New York, October 1966
. . . THE VELVET UNDERGROUND IS NOT A FIRST-CLASS CAR ON THE LONDON transit system, but Andy’s rock group. Sometimes they sing, sometimes they just stroke their instruments into a single, hour-long jam. Their sound is a savage series of atonal thrusts and electronic feedback. Their lyrics combine sado-masochistic frenzy with free-association imagery. The whole thing seems to be the product of a secret marriage between Bob Dylan and the Marquis de Sade. It takes a lot to laugh; it takes a train to cry.
Andy says he is through with phosphorescent flowers and cryptic soup cans. Now it’s rock. He may finally conquer the world through its soft, teenage underbelly.
“It’s ugly,” he admits. “It’s a very ugly effect when you put it all together. But it’s beautiful. You know, you just look at the whole thing— the Velvets playing and Gerard dancing and all the film and light, and it’s a beautiful thing. Very Vinyl. Beautiful.”
“Yeah, beautiful. There are beautiful sounds in rock. Very lazy, dreamlike noises. You can forget about the lyrics in most songs. Just dig the noise, and you’ve got our sound.
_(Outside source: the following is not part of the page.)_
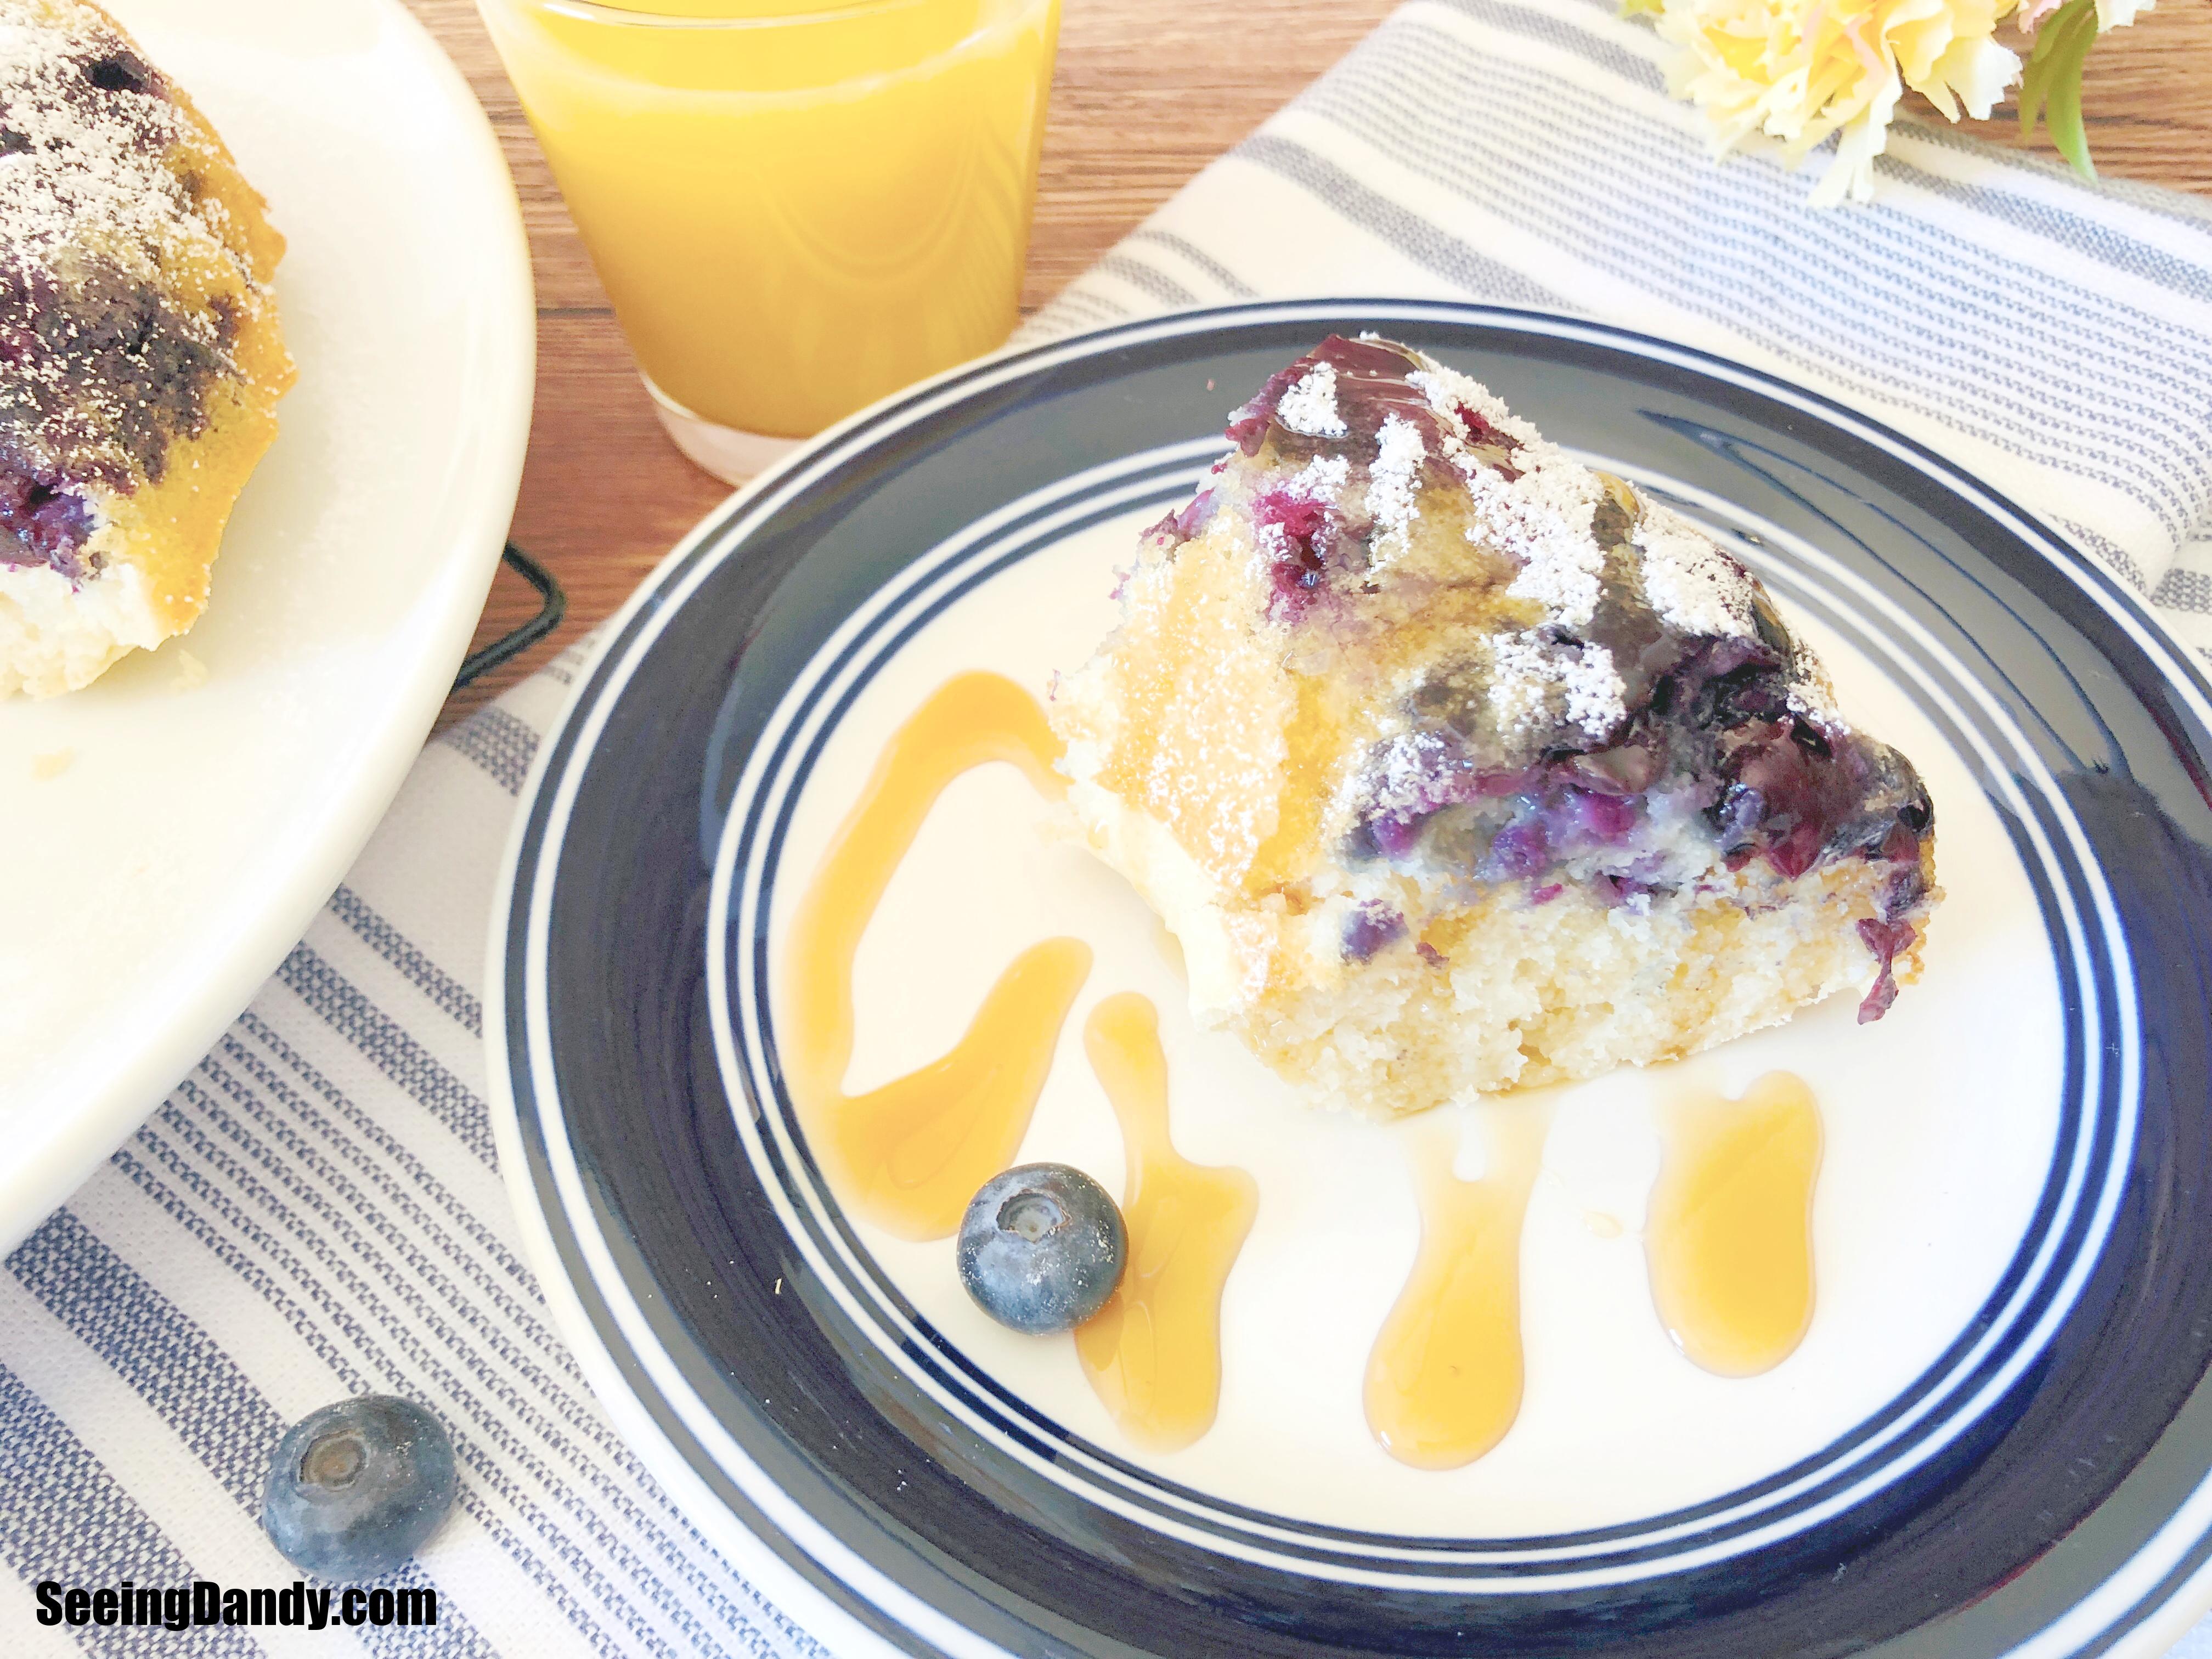 blueberry pancake bundt cake recipe, dessert recipes, mothers day, brunch recipes, cake recipes, bundt cake recipes, farmhouse napkins, farmhouse style dish towel, orange juice, breakfast recipes

We’re putting everything together—lights and film and music—and we’re reducing it to its lowest common denominator. We’re musical primitives.”
That’s John Cale, composer, guitarist and resident Welshman for the Velvet Underground. Cale plays a mean, slashing viola. And piano, when he has to. He and Lou Reed once shared a three-room flat on Ludlow Street and a group called the Primitives. Their place was cold (broken crates in a wood-burning fireplace looked very chic but also kept the blood circulating). The group was cold too, bassman Sterling Morrison recalls: “Sometimes we’d do more jumping around in a night than the goddam waitresses. Before Andy saw us at the Cafe Bizarre (which isn’t exactly the Copa of McDougal Street) we were busting our balls in work. Up to here. And you can’t do anything creative when you’re struggling to keep the basic stuff coming. Now it seems we have time to catch our breath. We have more direction—that’s where Andy comes in. We eat better, we work less and we’ve found a new medium for our music. It’s one thing to hustle around for odd jobs. But now we’re not just another band; we’re an act. See, when a band becomes an act, you get billing. You get days off. You don’t just work nights—you’re like, Engaged.”
Nightly at the Balloon Farm the Velvets demonstrate what distinguishes an act from a band. They are special. They even have a chanteuse—Nico, who is half goddess, half icicle. If you say bad things about her singing, she doesn’t talk to you. If you say nice things, she doesn’t talk to you either. If you say that she sounds like a bellowing moose, she might smile if she digs the sound of that in French. Onstage, she is somewhat less communicative. But she sings in perfect mellow ovals. It sounds something like a cello getting up in the morning. All traces of melody depart early in her solo. The music courses into staccato beats, then slows into syrupy feedback. All this goes on until everyone is satisfied that the point has gotten across.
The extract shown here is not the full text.